---- DATA EXTRACT

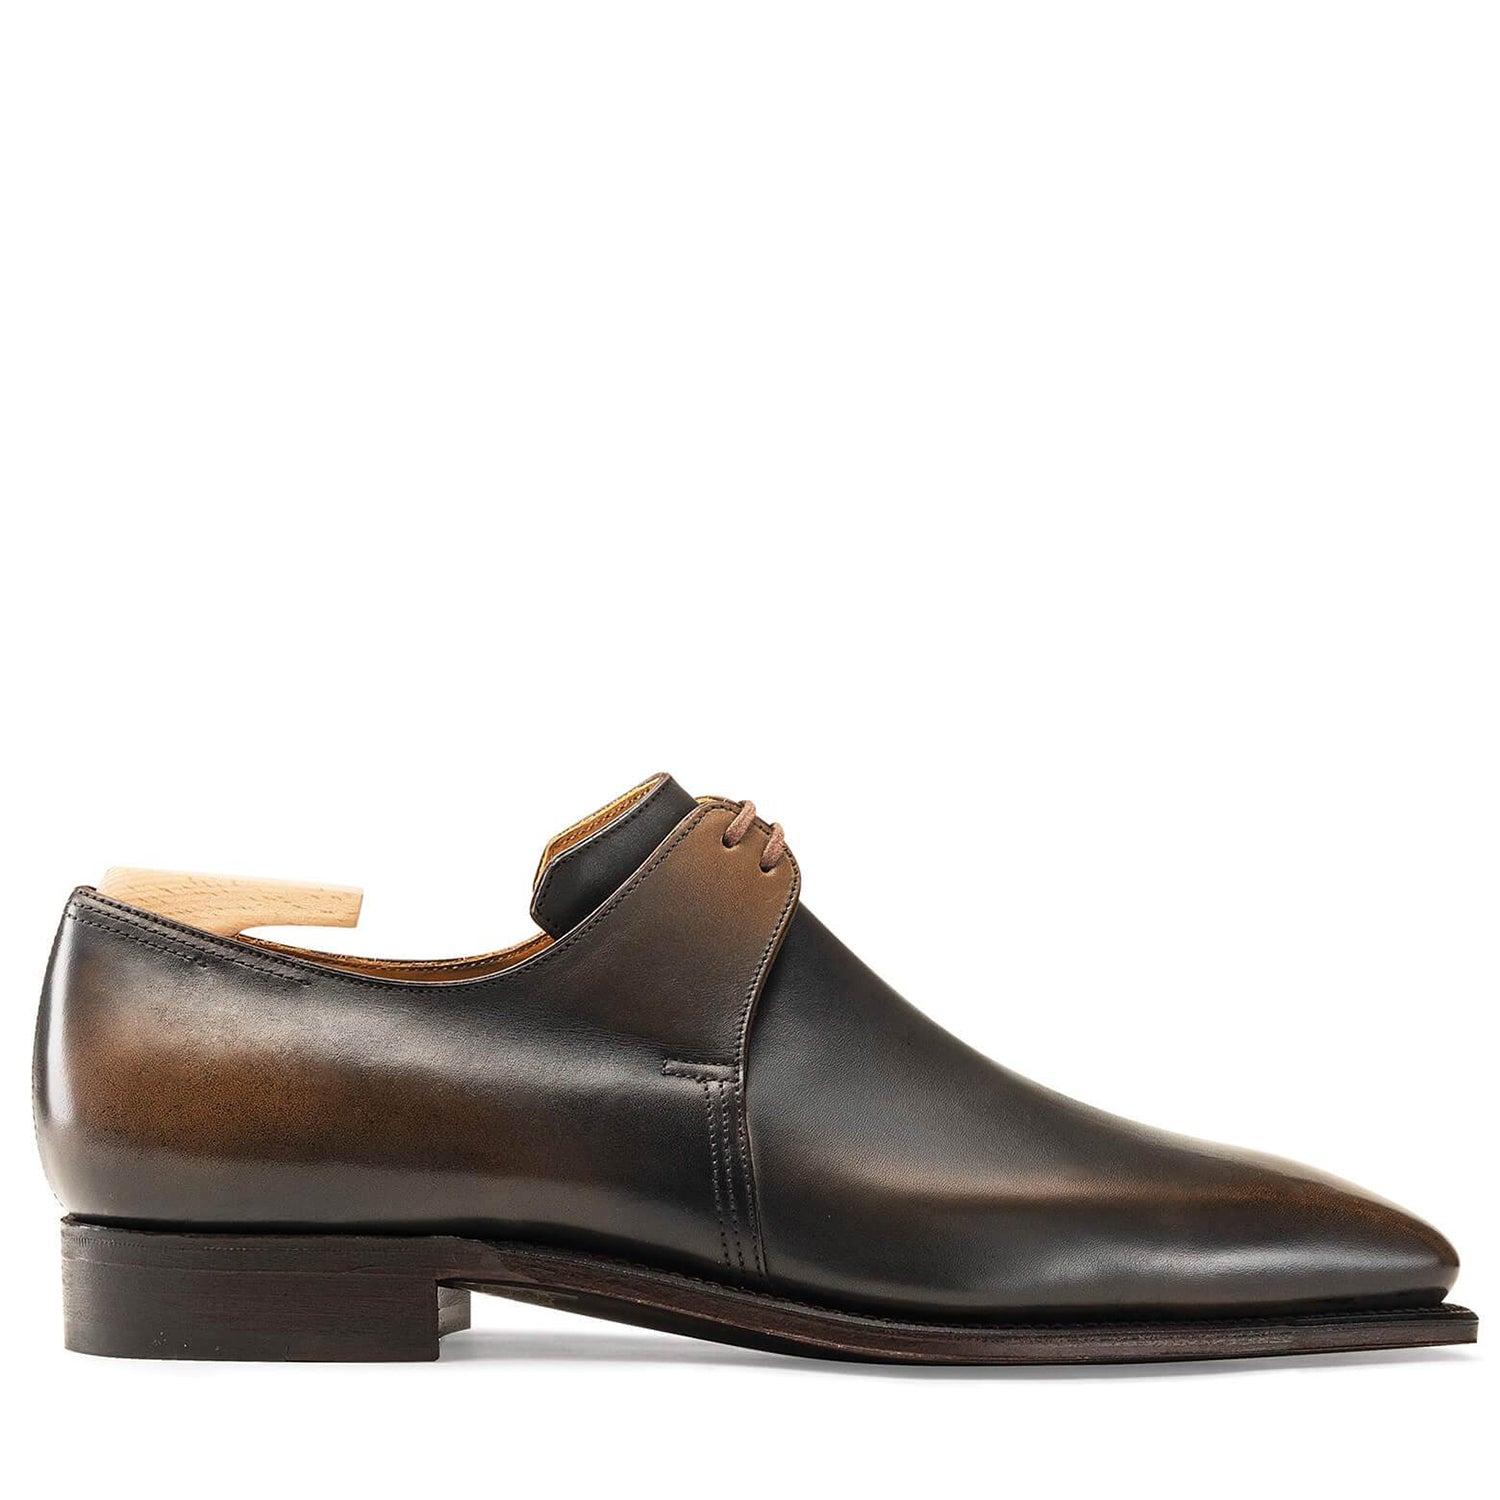 Old Black Calf Leather Shoes
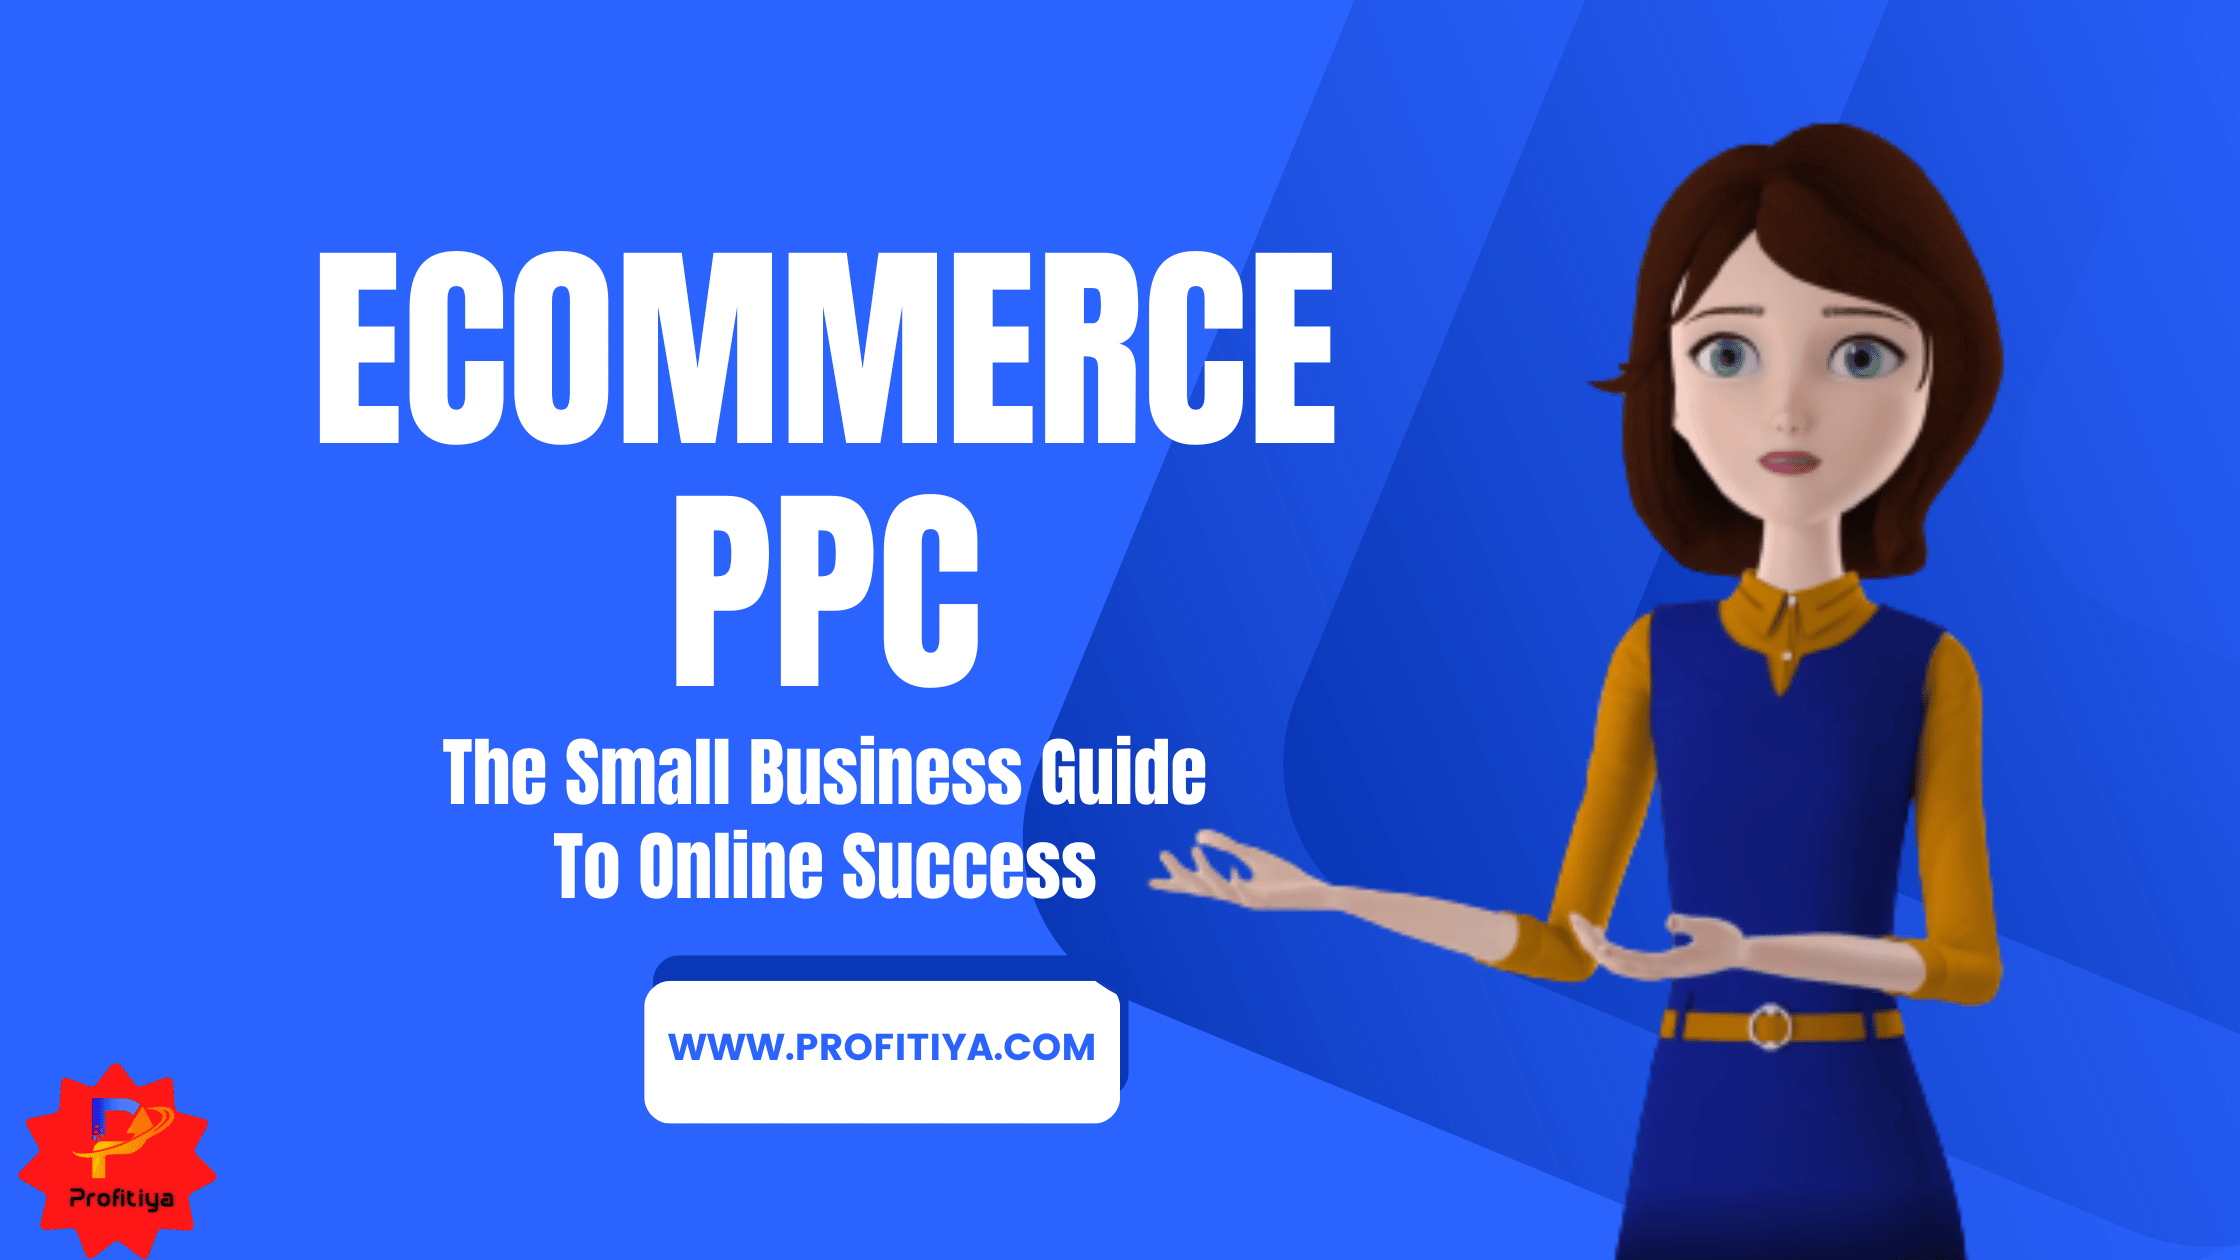 Ecommerce PPC – The Small Business Guide To Online Success
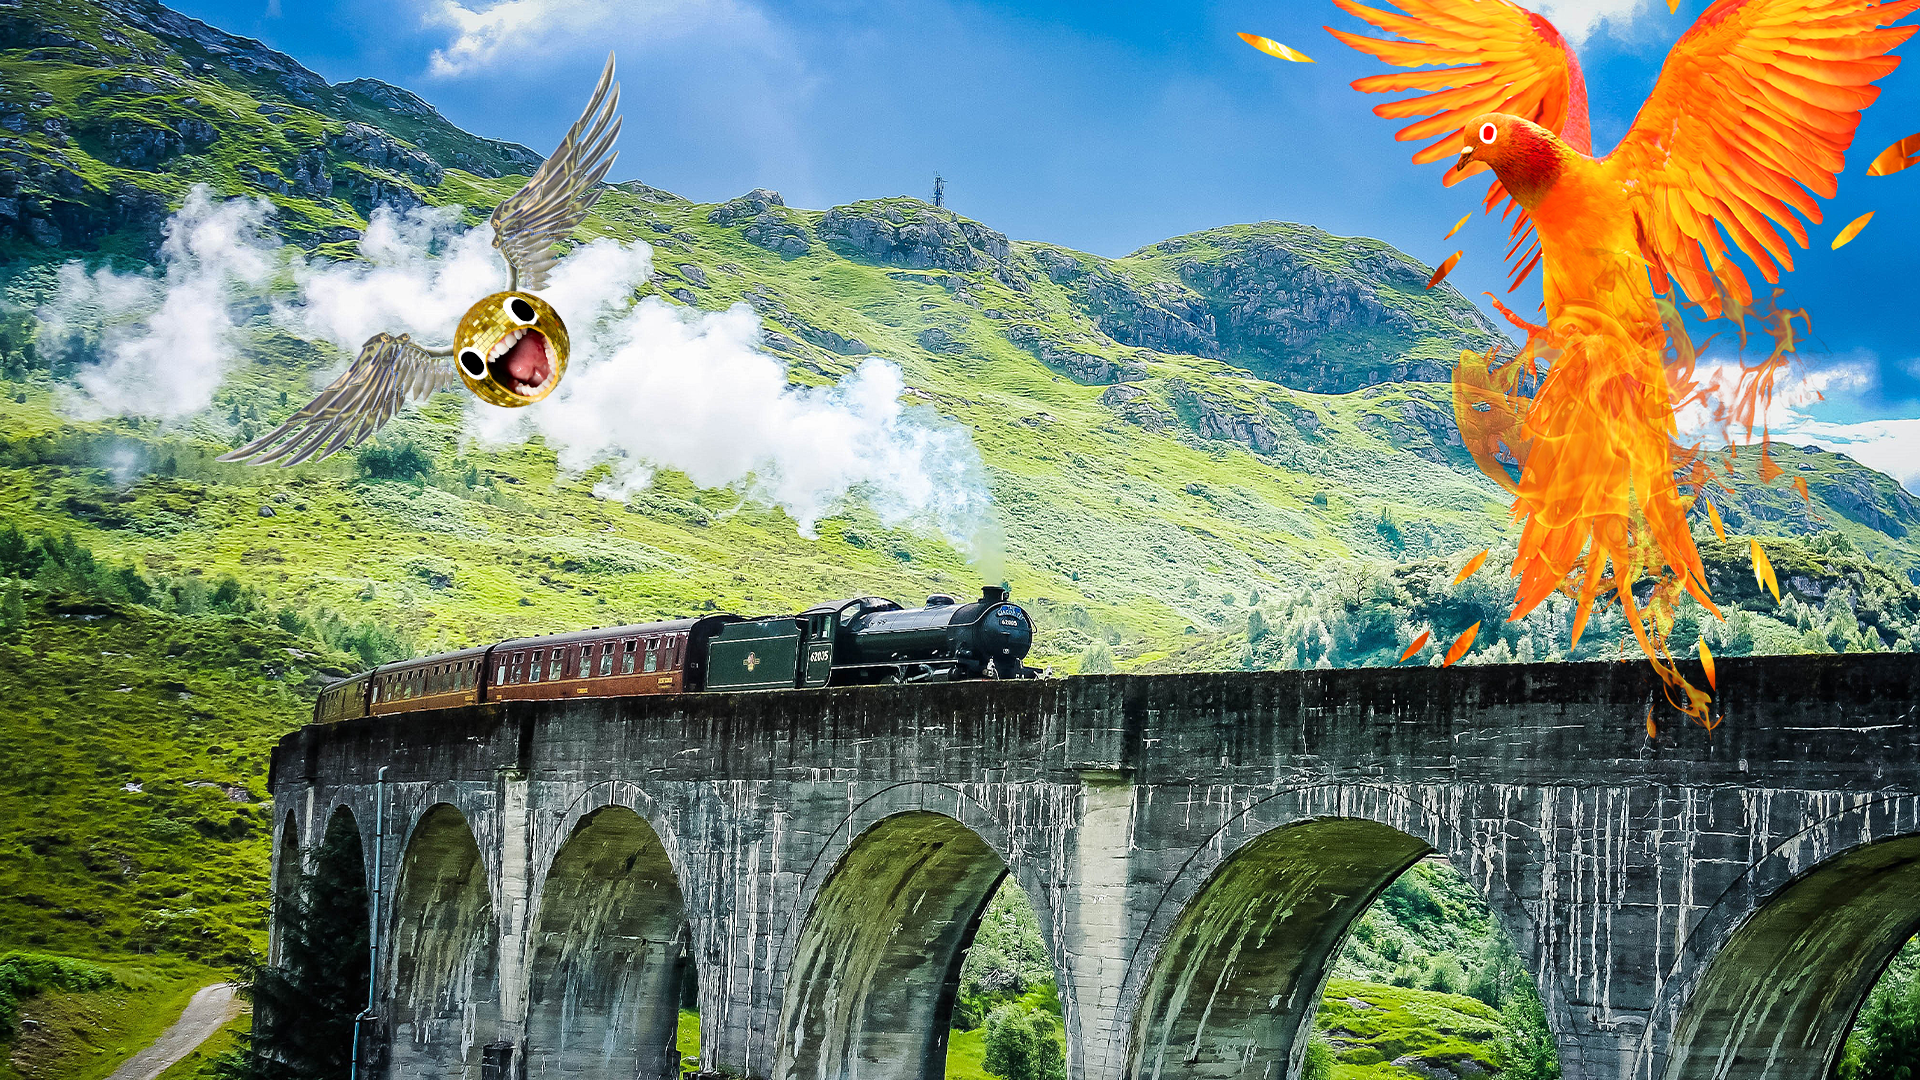 Steam train on viaduct with screaming snitch and phoenix
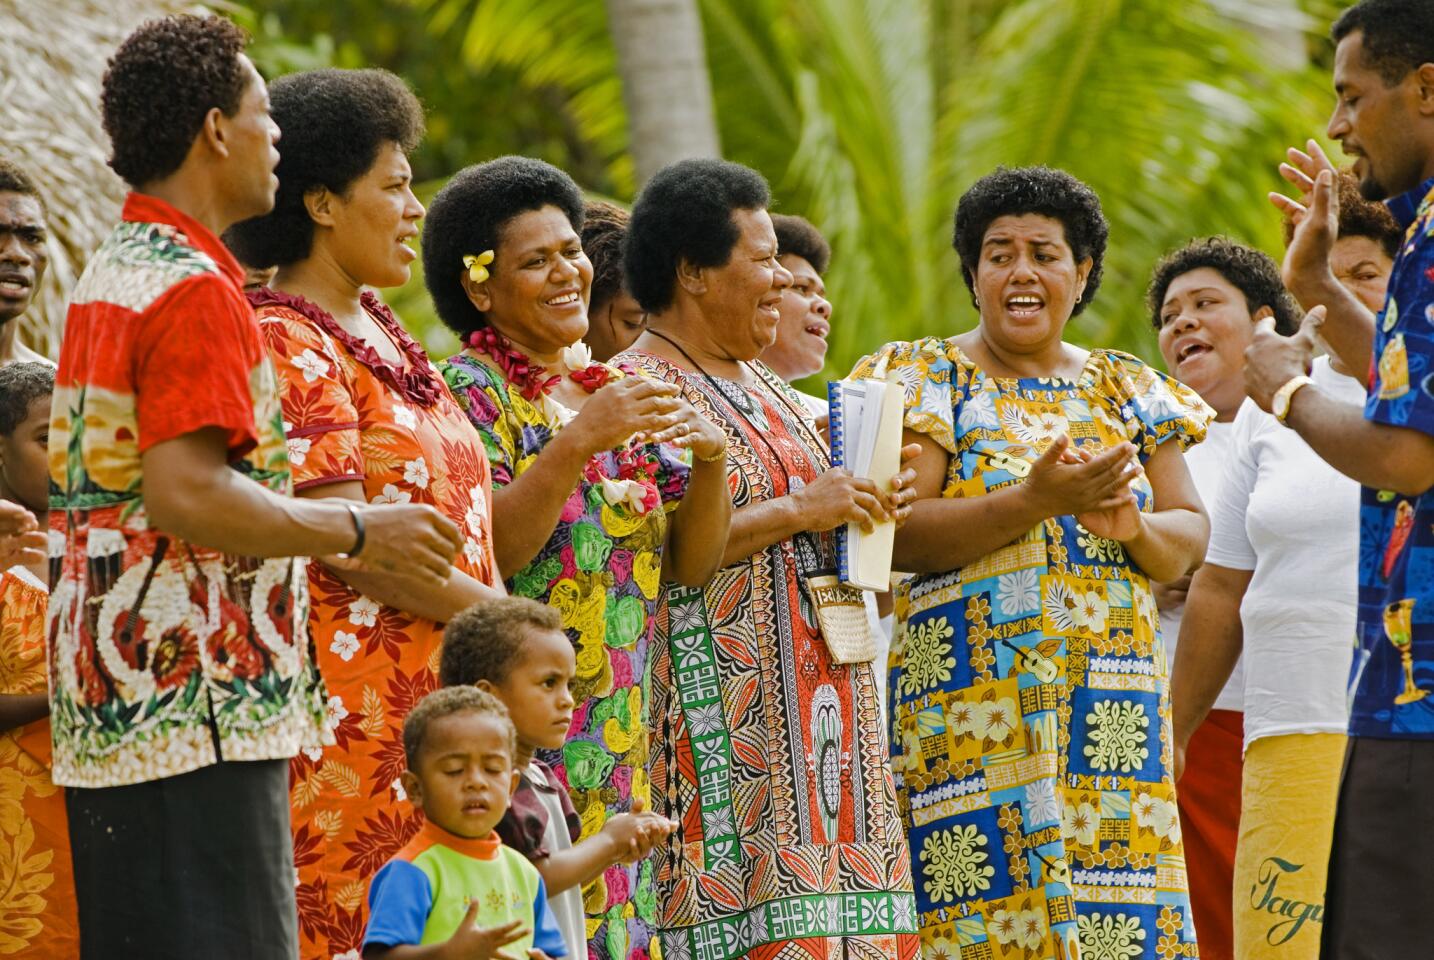 Dravuni women singing a welcome to Cruise ship passengers on their arrival to Kadavu Island in Fiji.

--------

● TASK DESCRIPTION: Transcribe the listing above in full and exactly; no pictures belong in the copy.

● FINAL ANSWER:
 Old Black Calf Leather Shoes
 Ecommerce PPC – The Small Business Guide To Online Success
 Steam train on viaduct with screaming snitch and phoenix
 Dravuni women singing a welcome to Cruise ship passengers on their arrival to Kadavu Island in Fiji.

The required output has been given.